En Mars 2014, les Rendez-vous de l’école du Breuil nous invitaient à réfléchir sur "Le citoyen, la ville et les espaces verts » . J’avais cru comprendre qu’il s’ agissait de jardins dans la cité. C’est donc un malentendu qui fut la cause de ma présence à ce colloque. : on n’a pas tardé à me signifier qu’il fallait lire Ville avec un V majuscule c’est à dire Municipalité, espace vert comme Espace municipal. Un phénomène majeur n’y avait donc pas droit « de cité » à savoir l’émergence massive des jardins de pied d’immeuble gérés par ceux qui y sont logés. Pourtant, ils sont souvent bel et bien connectés avec l’espace public , voire partie constituante de cet espace comme la vaste agora sur dalle des tours de l’angle Jean-Jaurès /Petite ceinture , entretenue et améliorée par les habitants (avec de plus la création d’un potager). Cette dalle est ouverte, sans digicode. Évidence : la Ville n’existerait pas sans la ville.

Il ne fallait pas aborder les sujets qui fâchent ce jour là et mes amis me l’ont bien fait sentir dès que j’ai osé sortir des généralités et faire remonter l’expérience de terrain. Pas non plus de table ronde finale permettant de croiser les expériences. La journée s’est terminée dans une sorte de confusion : conversations privées dans la salle, bavardages interminables à la tribune. Ce fut un moment très pénible pour moi, que je n’ai pas encore bien digéré. Mais ô combien instructif.

Ce rendez-vous nous proposait un panorama de pas mal des initiatives qui visent, en région parisienne, à repenser la place du végétal dans la ville (restreinte ici à la Ville). Du plus ancien (les architectes de l’AAA qui mènent aujourd’hui la riche expérience R-Urban à Colombes) au plus ou moins récent (la Guérilla gardening). Avec Sylvie Faye (Multi Colors), sa tranquille et souriante assurance, la journée a connu un moment de grâce.
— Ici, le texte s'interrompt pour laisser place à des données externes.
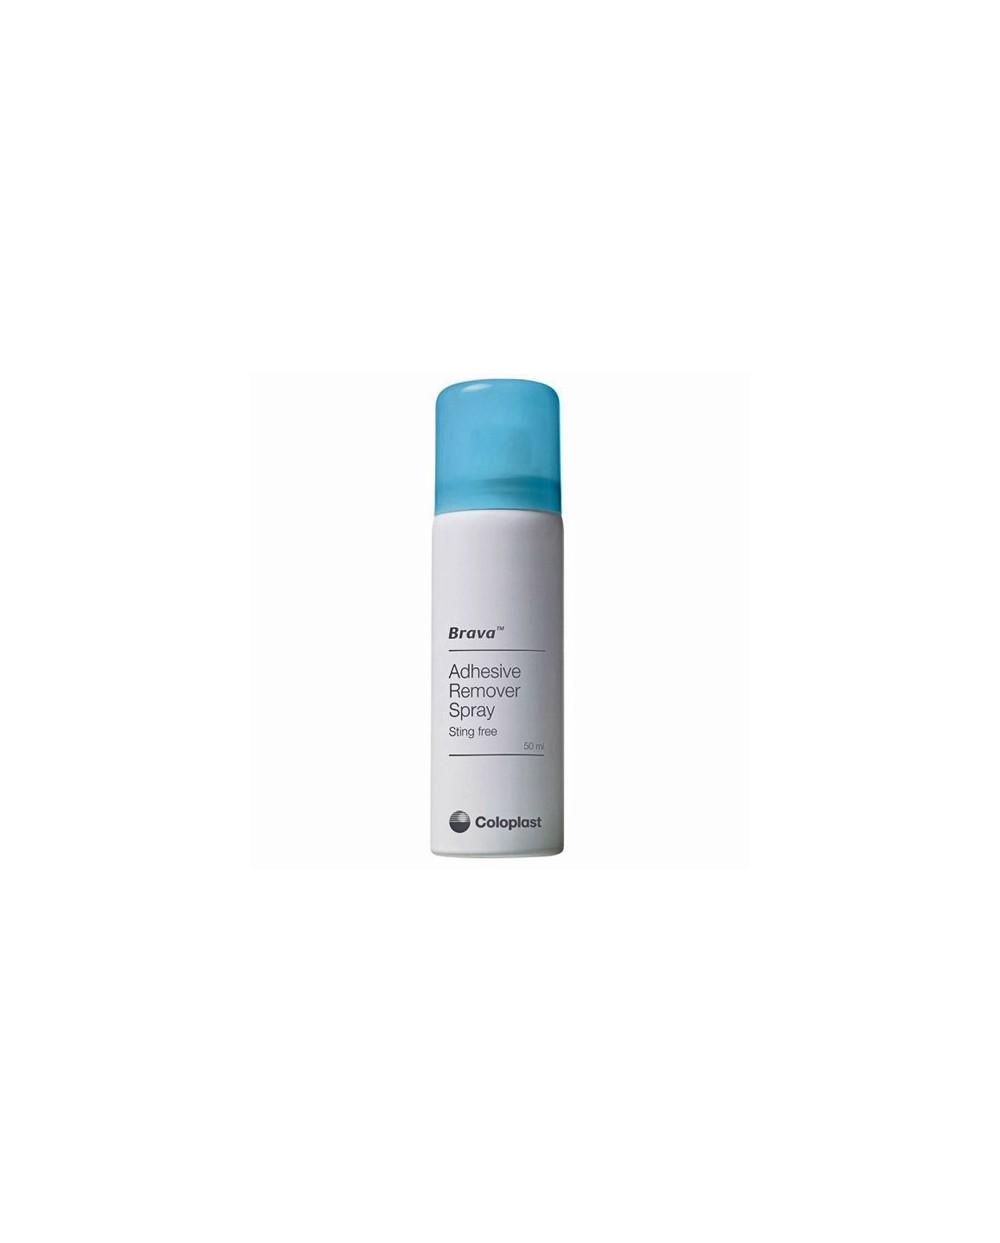 Brava Adhésive Remover Spray de 50 ml.

Je note cependant qu’une bonne part de la pointe la plus active et la plus intéressante du mouvement (Vergers urbains, Ville en herbes , Urbanisme et démocratie… ) n’était pas là. De même que (sauf au détour d’un extrait de film médiocre mal présenté) les cas douloureux des jardins qui ferment : Bois Dormoy , Alice, Ecobox.. . J’aurais aussi aimé entendre Gilles Amar (Sors de terre) développer sa formule riche de sens : "je jardine des usages". .

Dans un texte important (Manifeste pour une ville jardinée) Laurence Baudelet s’adresse avec force aux élus pour leur demander que les espaces de jardinage collectif trouvent leur place dans le cadre de la douloureuse révision du Plan local d’urbanisme qui s’annonce. Sous les auspices d’un consensus évident : densifier la ville pour épargner les terres agricoles. Évident mais dangereux selon l’usage que l’on en fait. Notamment : des jardins sur les toits ne sauraient servir de caution à l’absence de jardins ouverts sur l’espace public.

Des espaces de jardinage collectif pour quoi faire ? " Des espaces de sociabilité et de loisirs gratuits qui apportent du bien-être à toutes les catégories de la population et aux nombreux touristes qui fréquentent notre ville" nous dit Laurence Baudelet .. .C’est là, en termes diplomatiques, un reflet très estompé de ce qu’est l’expérience de terrain. Un texte issu des assises régionales des jardins partagés de de la région Rhône Alpes (Mai 2013) recense de façon exhaustive les services rendus à la collectivité . Je regrette simplement le titre "Plaidoyer pour les jardins partagés" : les jardins partagés n’ont plus à se faire reconnaître , à implorer la bienveillance des élus . Ils ne sont que la partie émergée de l’iceberg, la manifestation d’un très puissant mouvement de jardinage, urbain et citoyen, bien plus large.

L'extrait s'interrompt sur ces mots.